How do dictionaries determine popular usage?

I read somewhere that some dictionaries list their definitions in order of popular usage, from most to least popular. I always thought they did it in chronological order. How would one go about determining which definition is most commonly used? Do they survey a ton of written sources?

Most modern American dictionaries list definitions in presumed order of commonality. Yes, they look at many written sources.

The problems lie in exactly what you’d think they’d be: How many sources can they check for every word, what range of sources do they use, how old are these sources and how often are they checked, and how do they define the exact usage?

However, most words don’t change their most common usage very often. The editors probably look at a selected list of words that lexicographers agree are in flux and chart their progress. There’s a whole community of people who do this and they talk to each other all the time.

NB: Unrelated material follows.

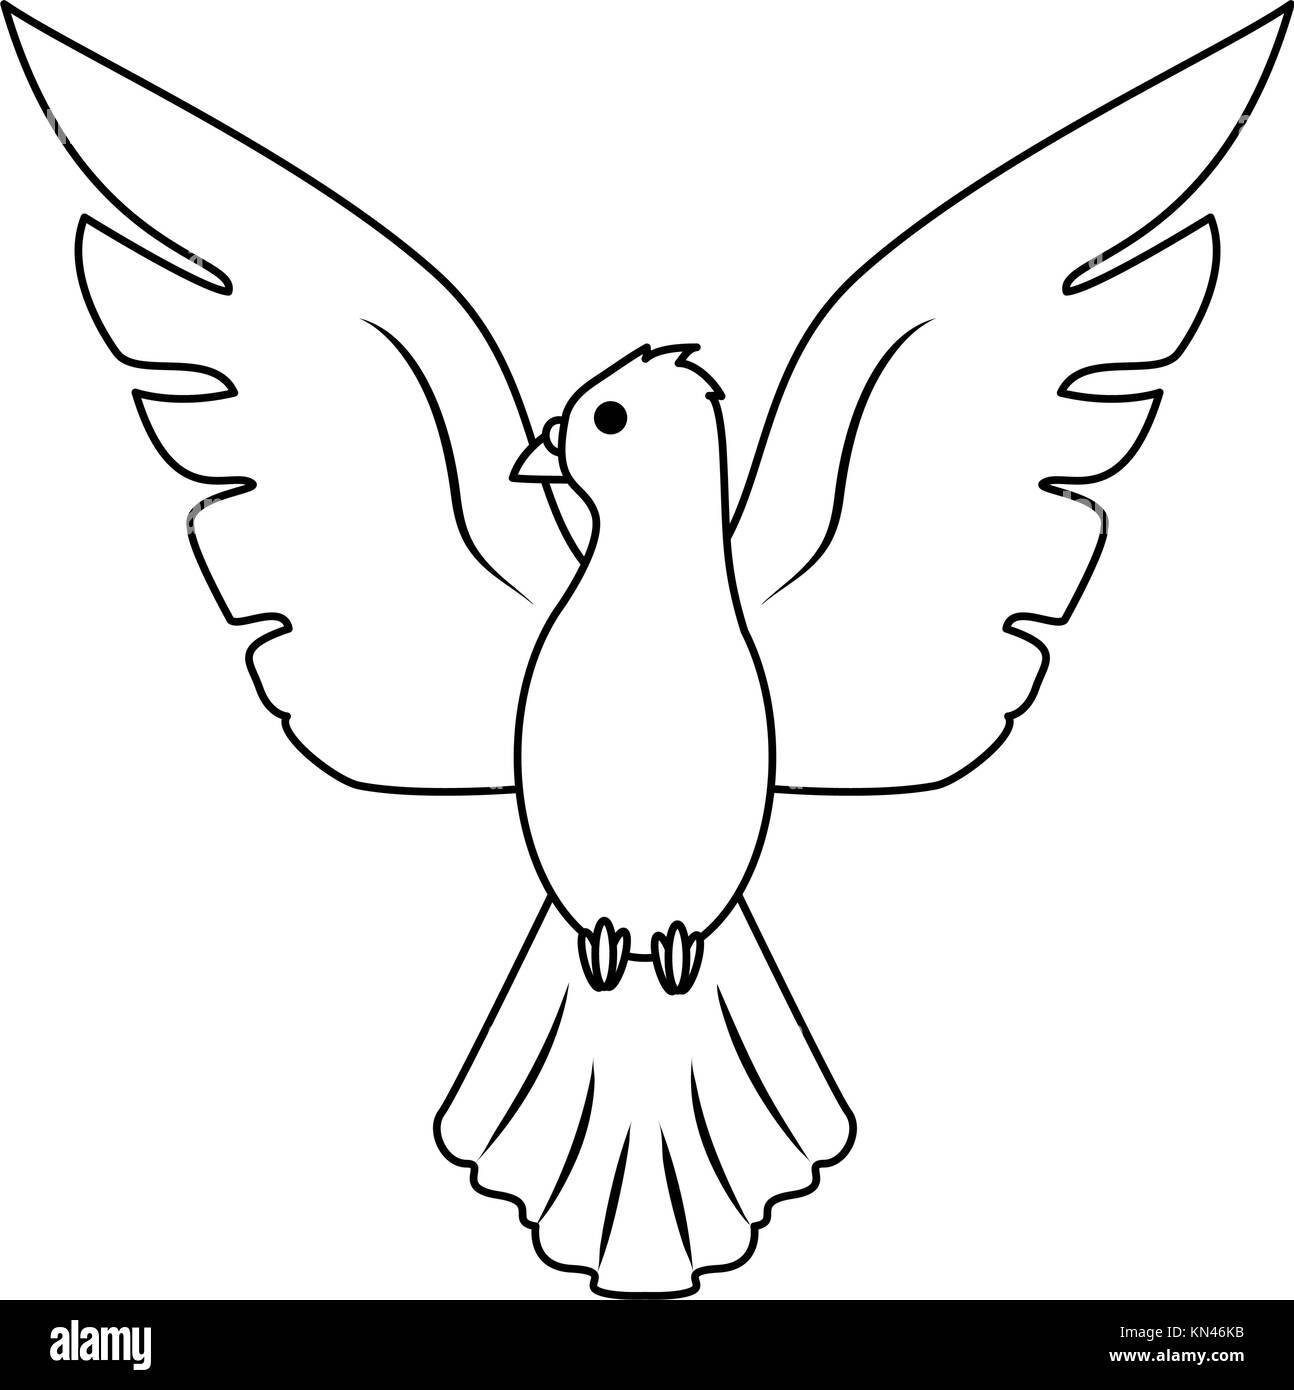 Flying bird cartoon black and white - photo#52

Really? I read that the OED (I know, not American) and Merriam Webster list their definitions in chronological order. Aren’t those the two authoritative sources for dictionaries?

Nope. Random House, American Heritage and Encarta all list in order of commonality. Three out of four is most.

I know my OED doesn’t, so that’s why I said American. (Although I’m not sure whether the third edition will change that.) I don’t own a Merriam-Webster so I haven’t checked it.

American Heritage has a much-vaunted Usage Panel. They’re listed at the beginning, at least in the larger hard copies, and come from quite diverse fields. I know Tony Randall and Carl Sagan used to be included.

Thanks for the answers. :slight_smile:

Not a coincidence but a direct result.

The third edition of the Merriam-Webster Unabridged appeared in 1961. It was greeted as if the Russians had snuck into Washington and changed the Constitution at night. People were insane before the Beatles. I blame nuclear testing.

The editors simply changed the world of dictionaries by rewriting the second edition to make everything descriptive, rather than prescriptive. They even included ain’t. The high-brow commentators went apeshit. Institutions swore they would never buy the Third and make do with their old Seconds until they fell apart.

Wikipedia has a good summary of the controversy:

American Heritage, then such a big-deal high-end magazine that it was issued in hardcover each month, saw an opportunity. They created the Usage panel, polling 200+ noted writers about nuances and how they used words. The results killed prescriptivism forever (though you can see its zombie remains even today). Good writers - even the best, selected, greatest of good writers - didn’t agree on anything. No matter what your stance was on any disputed term, you could find a sizable percentage of the elite approving it.

There are massive ironies here. The editors actually had planned to go back to a more prescriptive style of dictionary to sell to that audience. But nobody paid any attention to anything but the Usage Panel. That was back in 1969. (Random House had also put out an Unabridged in 1966 which concentrates on other features and ducked the controversy.) Both have put out revised editions since, all descriptive.

After that, nobody has ever written a prescriptive dictionary for the masses, to my knowledge.

Merriam-Webster’s was therefore the first truly modern dictionary. I had thought that it issued a Fourth edition, but that’s wrong. It’s been revising the Third for 50 years, which makes problematical the question of whether it is still a modern dictionary at all.

Merriam-Webster never really got its reputation back, but stays in the business with its collegiate dictionaries and the Webster’s name. Oxford heavily entered the American market with collegiate editions as well. The Third unabridged edition of the OED may not even see a paper version at all, but be entirely online.

Changes in meaning and usage are so fast these days that the concept of recording them on paper and keeping them fixed for decades is virtually obsolete. The Urban Dictionary is a far better example of the way language actually gets used and mutated than a formal dictionary. I don’t see how they can compete on usage. Spelling, syllabification, pronunciation, derivation, yes. Usage? Too slippery to be caught. I’d have nightmares if I were editor of a dictionary these days.